Nun wollte ich doch Gewissheit haben, ich musste diesen Mann treffen. Also ging ich in den Flur, zog Lederjacke und Schuhe an, nahm den Regenschirm und verließ die Wohnung. Oh Mann, was würde Jolie nur zu der Geschichte sagen, wenn ich sie ihr erzählte? Zu aufgeregt und wirr waren meine Empfindungen in jenem Moment als ich die Treppen hinunter stieg, als dass ich einen klaren Gedanken fassen konnte, also beschloss ich am besten an überhaupt nichts mehr zu denken. Trotzdem hielt ich im Treppenhaus kurz inne, ich hatte das Empfinden, etwas sehr Bekanntes zu treffen. Unten angekommen öffnete ich die Tür zur Straße und spann schnell den Regenschirm auf. Als ich über die Straße ging, stellte ich überrascht fest, dass es aufgehört hatte zu regnen und der Wind nur noch ein laues warmes Lüftchen war. Mit dem geöffneten Schirm kam ich mir ziemlich dämlich vor und zog ihn zusammen. Grelle Sonnenstrahlen blendeten meine Augen und zwangen mich, sie kurz zu schließen. Der Mann war verschwunden. Es war seltsam, aber ich wunderte mich nicht, dass er fort war, sondern lediglich dass ich ihn überhaupt nicht vermisste.
Das Wetter war absolut klasse. Der strahlend blaue Himmel ließ nur vage vermuten, dass dort noch vor wenigen Minuten ein Regenschauer sondergleichen runtergekommen war. Ich muss sagen, dass ich nun sogar bezweifelte, dass es überhaupt geregnet hatte. Ich lehnte den Regenschirm an eine Hauswand, weil er mir nun lästig vorkam. Mir wurde sogar regelrecht warm, es war ein spitzenmäßiges Gefühl. Also tat ich, was ich immer in solchen Momenten tat, ich schloss die Augen, öffnete beide Hände und legte meinen Kopf in den Nacken, um den Sinnesrausch voll aufzunehmen. Ich war hellwach und trotzdem absolut entspannt.
Dann schaute ich hinauf zu meiner Wohnung und ich weiß nicht wieso, aber ich musste irgendwie lächeln über meinen grandiosen Irrtum mit dem Regen. In diesem Moment sah ich eine Person im Wohnzimmerfenster. War es Jolie, war sie schon früher nach Hause gekommen? Ich legte meine Hand an die Stirn, um meine Augen vor der Sonne zu schützen. Nein, für Jolie war die Person zu groß, es musste ein Mann sein. Ich lächelte weiter, diesmal aber eher ungläubig über das, was ich dort sah. Irgendwie erinnerte mich die Statur des Mannes an mich selbst. Das konnte natürlich nicht sein, aber wer war diese Person in meiner Wohnung? Nun wollte ich doch Gewissheit haben, ich musste diesen Mann treffen.

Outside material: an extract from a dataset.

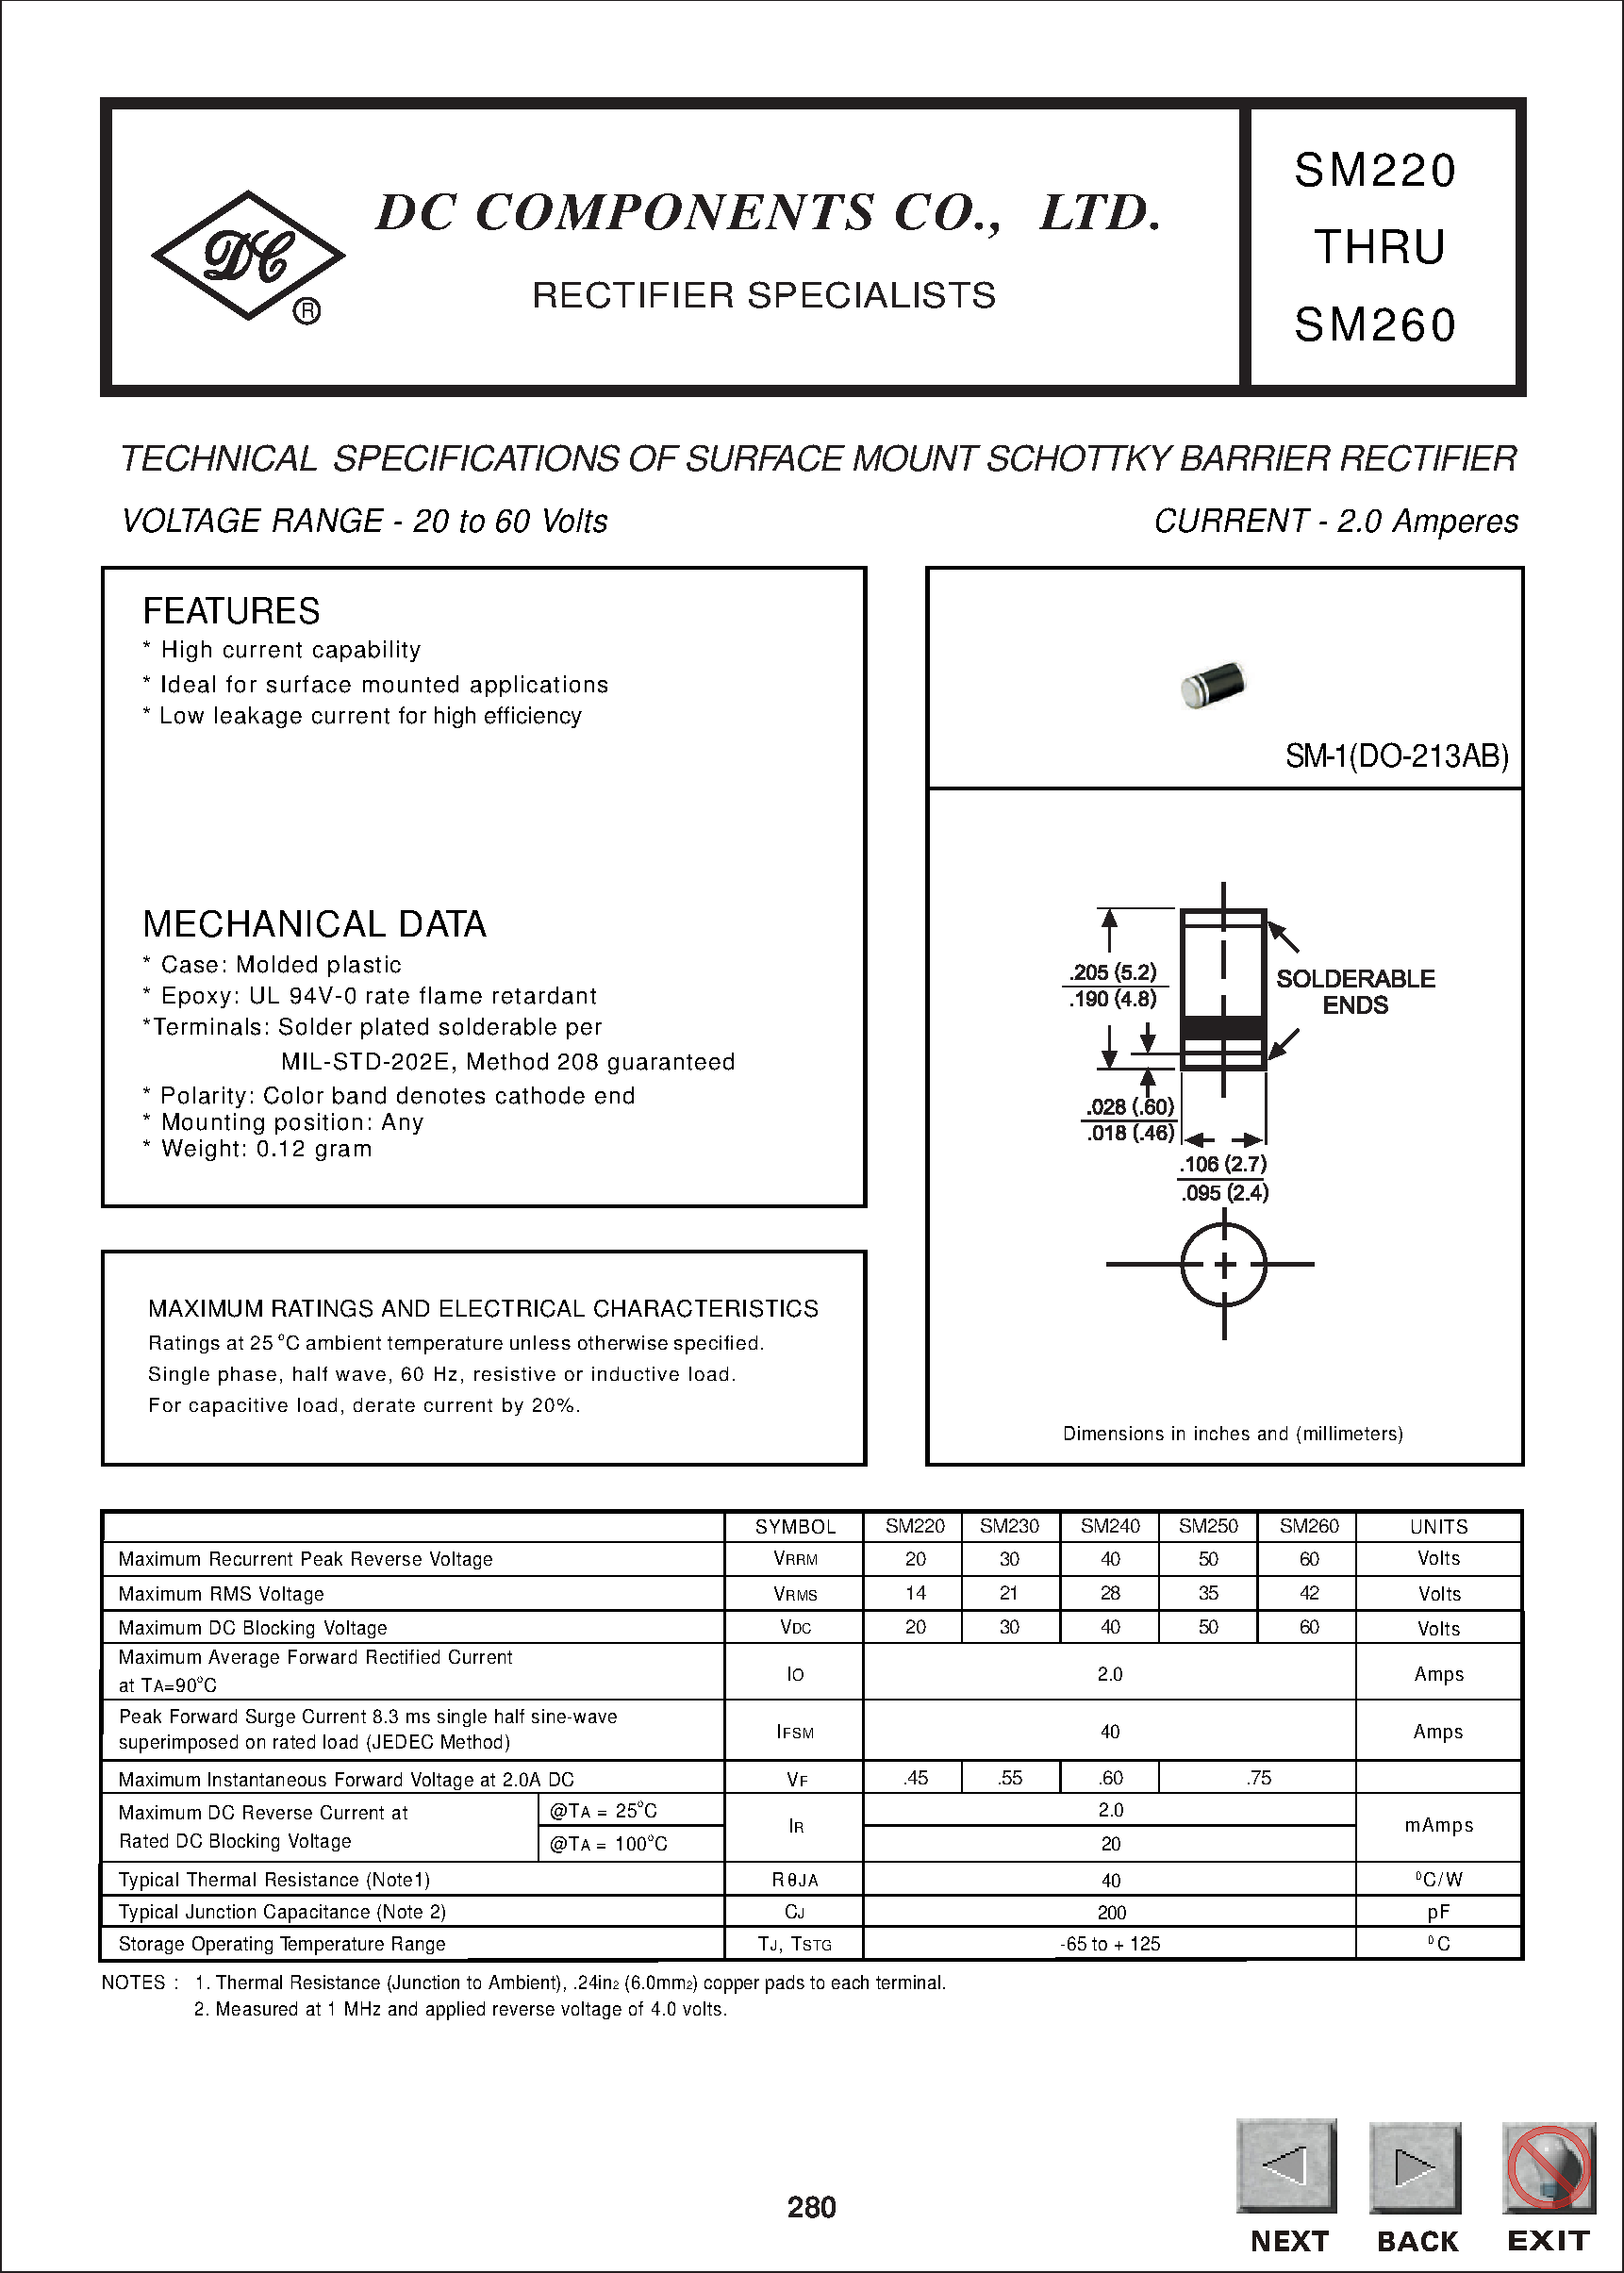 Даташит SM220 - TECHNICAL SPECIFICATIONS OF SURFACE MOUNT SCHOTTKY BARRIER RECTIFIER страница 1

Langsam überquerte ich die Straße und blickte noch einmal kurz nach oben. Der Mann aus dem Fenster war verschwunden. Ich öffnete die Haustür und ging in den Flur. Als ich die Treppen zu meiner Wohnung nach oben ging, hatte ich plötzlich das Gefühl etwas sehr Vertrautes zu erleben. Ich blieb kurz stehen und blickte mich um. Alles war hier vertraut, aber etwas war anders als vorher. Es war ein wirklich zufriedenes und selbstsicheres Gefühl.
Der Tag fängt ja ganz gut an, dachte ich. Beim Öffnen der Haustür kam mir ein seltsames prasselndes Geräusch aus der Wohnung entgegen. Neugierig ging ich hinein, um zu schauen, was los war. Es war wieder so dunkel wie zuvor, so dass ich das Licht anschalten musste. Ich schaute zum Fenster und erkannte die Ursache des Geräusches. Vom Wind angestachelte Regentropfen peitschten gegen meine Scheiben. Der Himmel war mit großen dunklen Wolken verhangen und ließ die Sonne nicht passieren. Ich ging zum Fenster, die Menschen rannten umher und suchten Schutz vor dem Nass. Es war, als ob jemand die Brause einer Riesendusche über die Leute hielt. Irgendwas kitzelte mich im Genick und als ich nachfühlte, erkannte ich, dass mein Körper und meine Kleidung völlig durchnässt waren. Das Regenwasser floss buchstäblich an mir herunter und hatte sogar eine kleine Pfütze auf dem Parkett gebildet.